待ちわびる人-03




 * * * * * * * * *




 数日降らなかった雪は、気温が低いながら日差しによってすっかり溶けていた。高い山だけが帽子のように雪を被り、谷に沿って白い雪の筋が浮き上がっている。


 復讐日和だと努めて明るく語るドマは、大人1人を背負って颯爽と走るレオンによって、積年の恨みを果たせると意気込む。

 足場は岩と石、こげ茶のボロボロと崩れやすい土で歩きやすくはない。この調子ならもうすぐ追いつく。


 レオンがそう言った時、はるか前方に人影が見えた。


「見えた」


『吾輩にも見せてくれぬか」


 ジェイソンの視点では遠くまで見渡せない。ジェイソンはレオンの体に駆け上がり、腕に抱かれた状態でしっかりと先を見据えた。

 豆粒どころか、胡麻粒よりも小さなものが歩いている。ドマには全く見えていない。


『ほう、一晩ゆっくり休んだおかげか、随分と軽快に歩いておるな。山羊を1頭連れておるが、売ったのか』


「ああ、今回も売った。儂は今までそれが目的だと思っておった。それにしても、猫の視力であれば色の判別も出来ず、はるか遠くまで見えるわけでもないと思ったが」


『吾輩を畜生と一緒にするな』


「そういえば、ジェイソン大きくなったよね。なんか重くなった」


『フン。今に2本足で立てばレオンを追い越す程になろう』


「肩に乗れなくなるね」


 復讐に行くとは思えない程に和やかな会話。確かにレオンだけでなく、ジェイソンも成長している。気付けばもう肩に乗って可愛いと言われる大きさではない。


「どうやって成敗するんだ」


「んー、どうしたい? 依頼人の要望は聞くよ」


「わ、儂は……依頼料を払える程の蓄えはない。そうだ、山羊を全部渡してもいい! あいつをどうか、絶望の底に突き落として欲しい!」


「絶望の底?」


「自分の努力次第で助かりそうだが、ギリギリのところで絶対に助からない。見捨てられ、侮蔑の目線を向けられ、己の怒りと後悔をどこにもぶつけられない、そんな最期を」


「わかった、それでいこう。ちょっと殴るけど大丈夫?」


 ドマを背負う時にどうするか悩み、結局右手に持っている山形鋼。レオンはティアからの物騒なプレゼントを嬉しそうに振る。


「依頼の達成手段は任せる。
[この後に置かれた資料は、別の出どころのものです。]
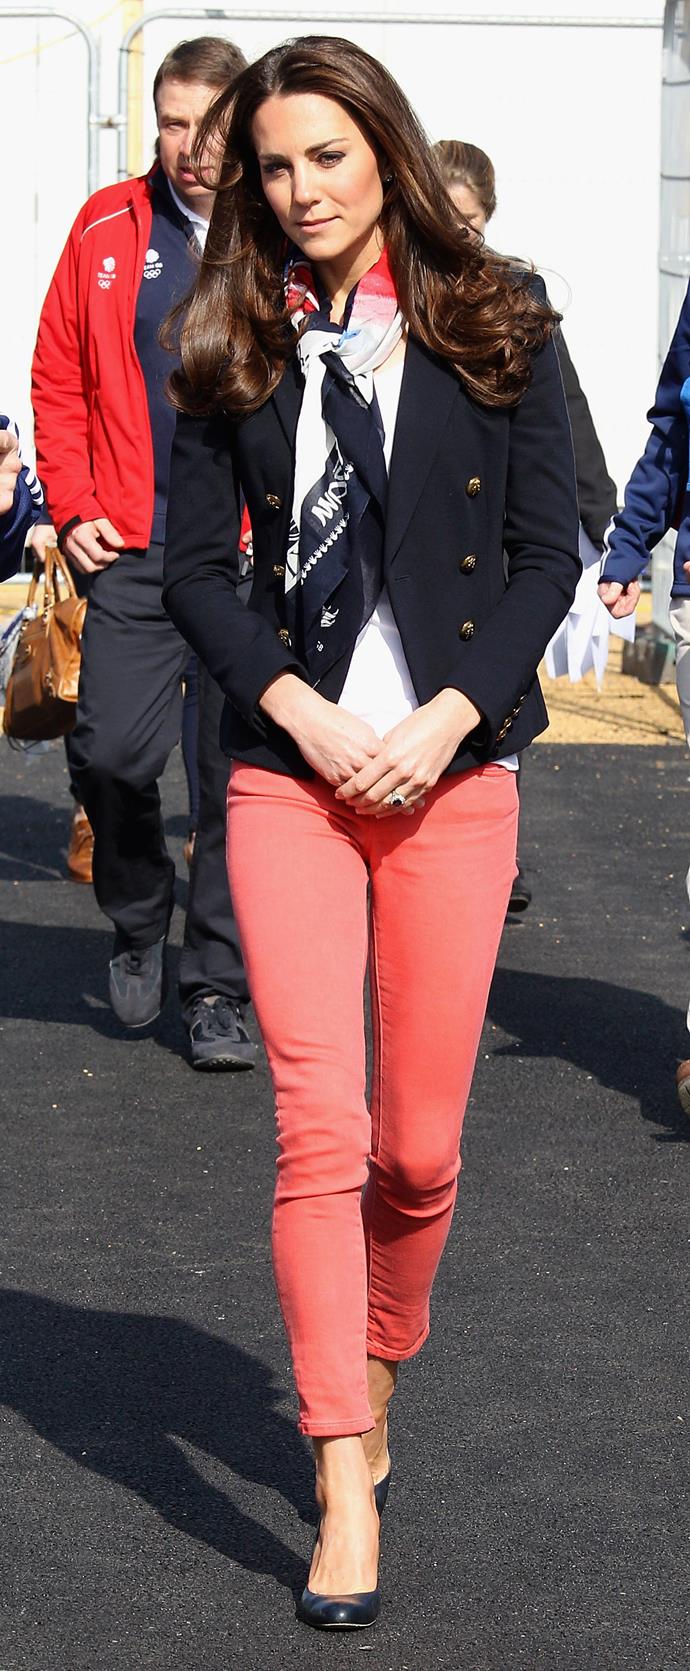 In 2012, Duchess Catherine stepped out to meet members of the British hockey team in a pair of *very* loud red skinny jeans. That's one way to make a statement!

本当は誰に何を言われようが儂の手で殺したいところだが」


「被害者じゃないひとがやり返すのは、いろいろ問題あるみたいやけんね。おれが代わりにする、大丈夫。それと」


 レオンは速度を落とし、足音で気付かれないよう立ち止まった。


「おれ、ドマさんからは何ももらわんよ。始末屋は被害者じゃくて加害者から報酬分を奪い取る」


『貴様はもう十分に傷つき、悲しみを貯め込んだ。その解決の為に更に金品を奪われては損しかないではないか。加害者が払うのが筋というもの』


「……会った事はなかったが、成程。獣人族が畏れられ、正義の代行人と崇められる理由が分かった気がするよ」


 レオンは少し考え込んだ後、悪党に追いつくのはスヴロイの集落跡を目視できる地点に着いてからと決めた。
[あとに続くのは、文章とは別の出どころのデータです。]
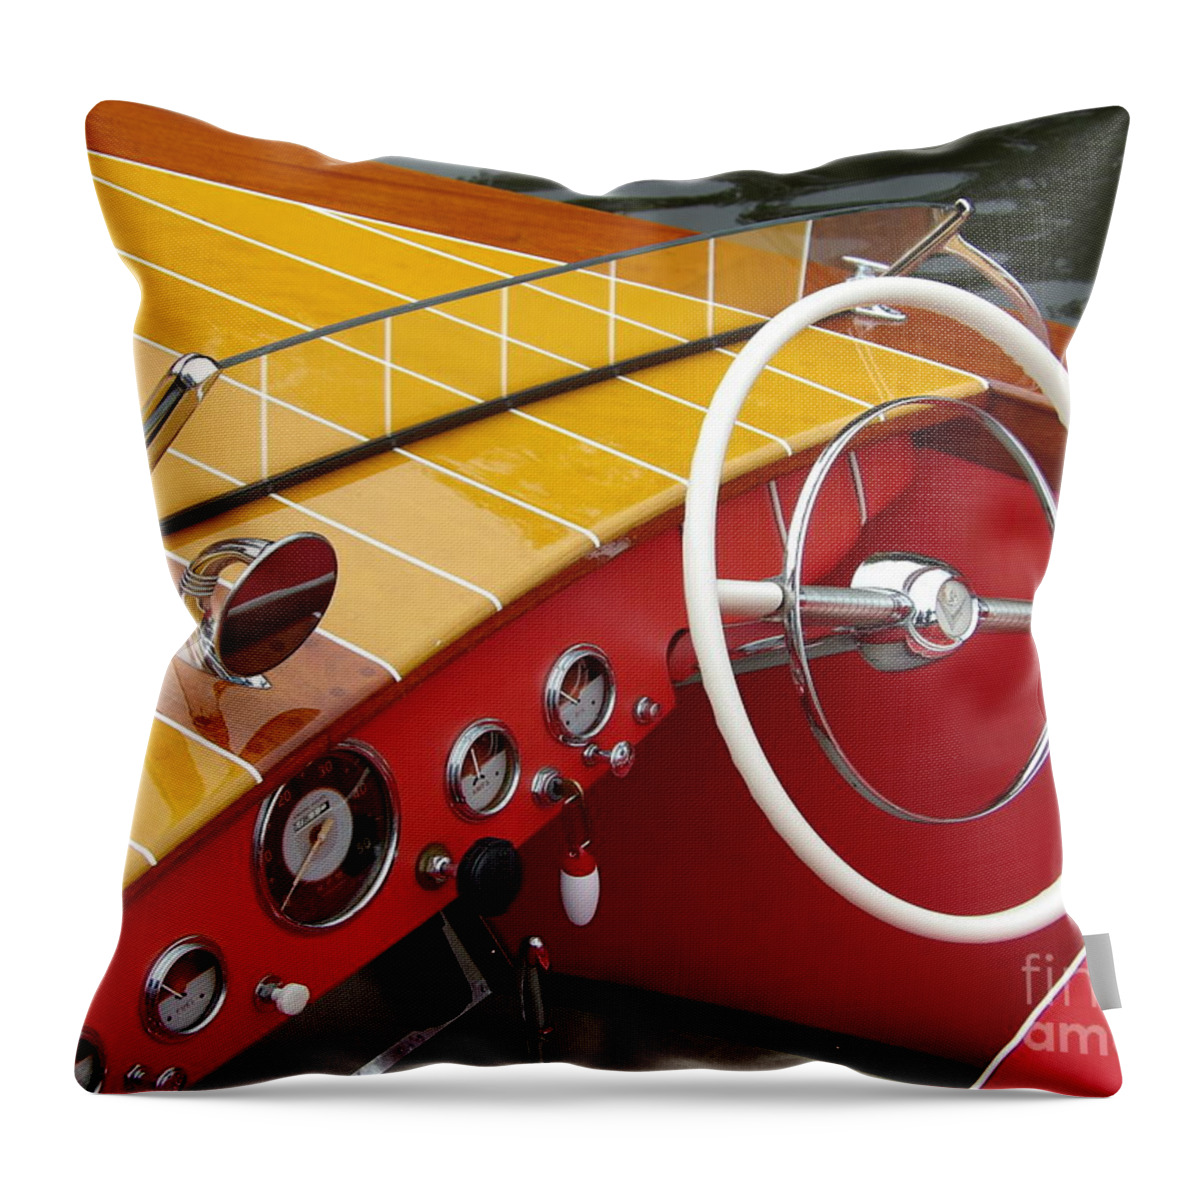 Boat Throw Pillow featuring the photograph Century Resorter by Neil Zimmerman

 ここではスヴロイにもアイーイェにも遠過ぎる。かと言って近過ぎてもまずい。スヴロイの状況を把握された後、更に南下などされては追うのが大変になるからだ。


 レオン達は適度に休憩を取りつつ、悪党が気付かない距離を保って後を付ける事になった。


 レオンは4日と半日で追い付き、そこから更に1日。悪党がドマの集落を出て8日。

 火を使えば見つかるかもしれず、着込む事で寒さを乗り越えた夜が過ぎると、とうとうスヴロイのある小さな半島が見えた。
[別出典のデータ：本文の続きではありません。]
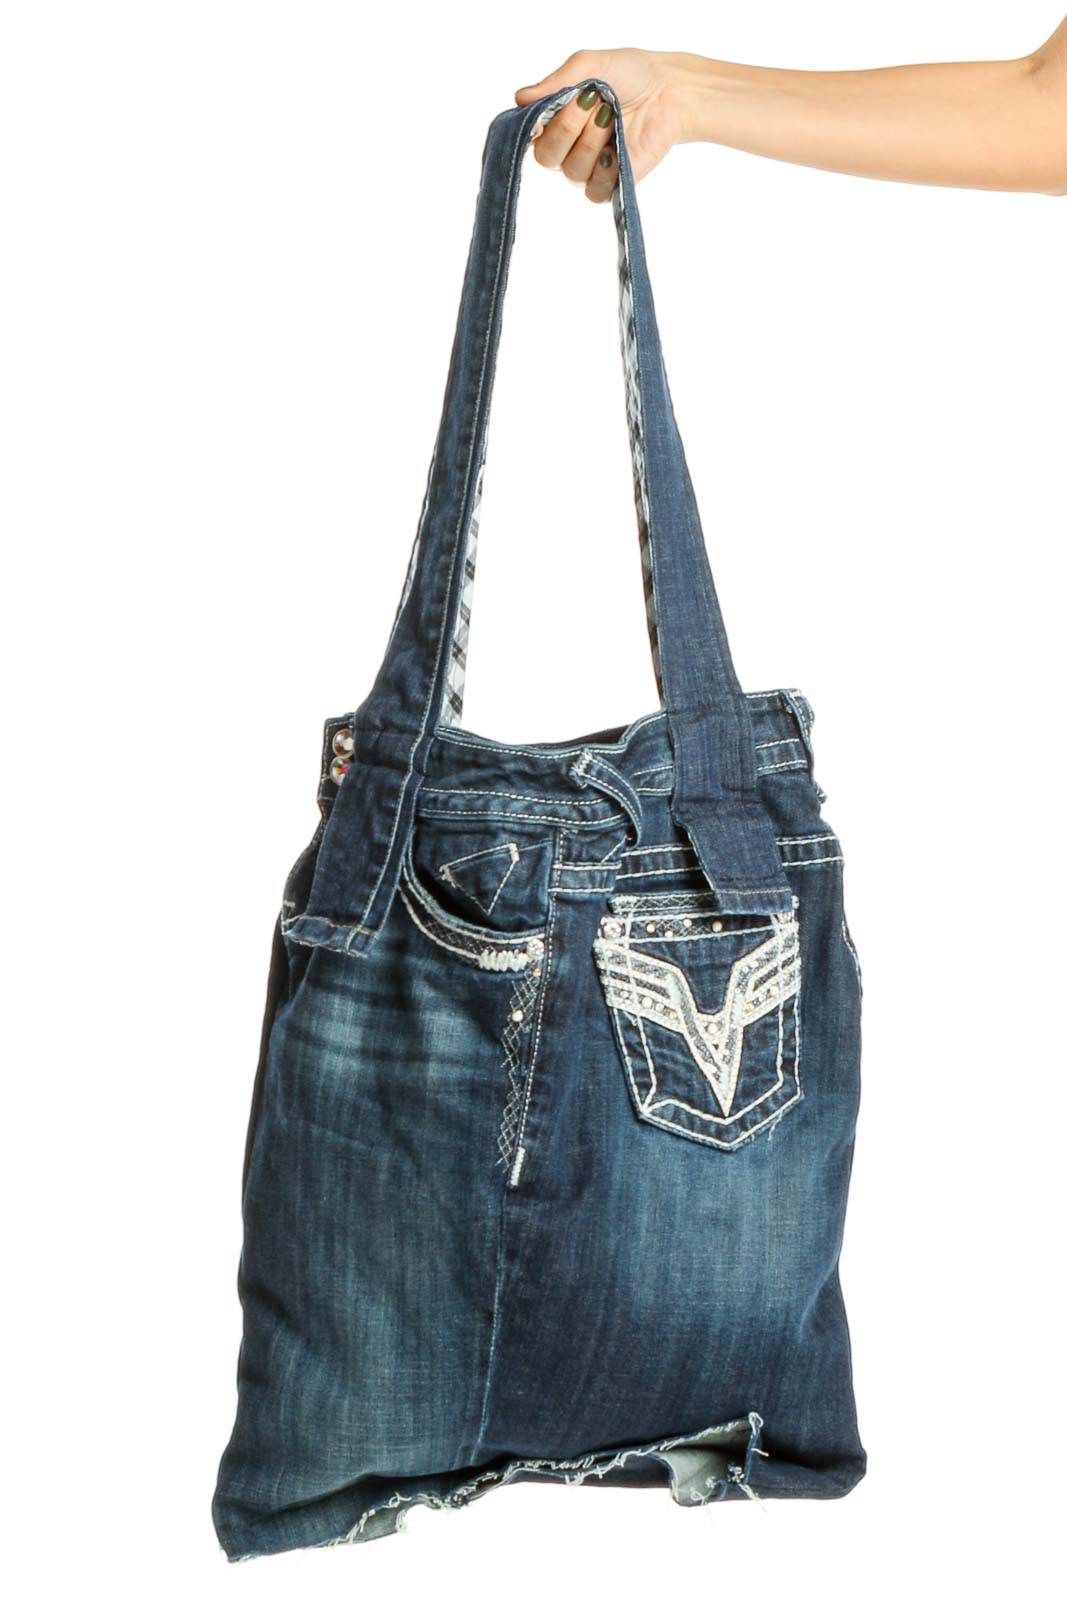 Reworked: Blue Denim Tote Bag From Donated Denim Front

 レオン達は悪党と500メルテ程の距離を保って歩いていたが、そろそろ頃合いだ。


「あいつが連れてる山羊が気付き始めてる。ドマさん、ちょっと手前で下ろすけん、そこからゆっくり付いてきて」


『吾輩が傍におれば獣を恐れる必要はない』


 レオンは再びドマを背負うと、今までよりももっと速度を上げて走り出した。それにピッタリとついて走る事が出来るジェイソンもなかなかのものだ。


 足音に気付いた山羊が振り向き、そわそわとし出したところで、ついに前を行く悪党がレオン達へと振り返った。

 まだ数百メルテあるため、一瞬で分かったわけではない。野生動物、特に肉の味を覚えた熊であれば、どこまでも執拗に追ってくる。


 悪党は山羊を強引に引っ張り、速足でなだらかな坂を下り始めた。しかし、後方の動きは気になるのか、何度も振り返る。

 そのうち、とうとうそれが人だと判明し、悪党は足を止めてレオンを待った。


「ドマさん」


「ああ!」


 レオンはドマを下して、男に近づいた。スヴロイはもう目と鼻の先。悪党はまだスヴロイが廃村になった事に気付いていない。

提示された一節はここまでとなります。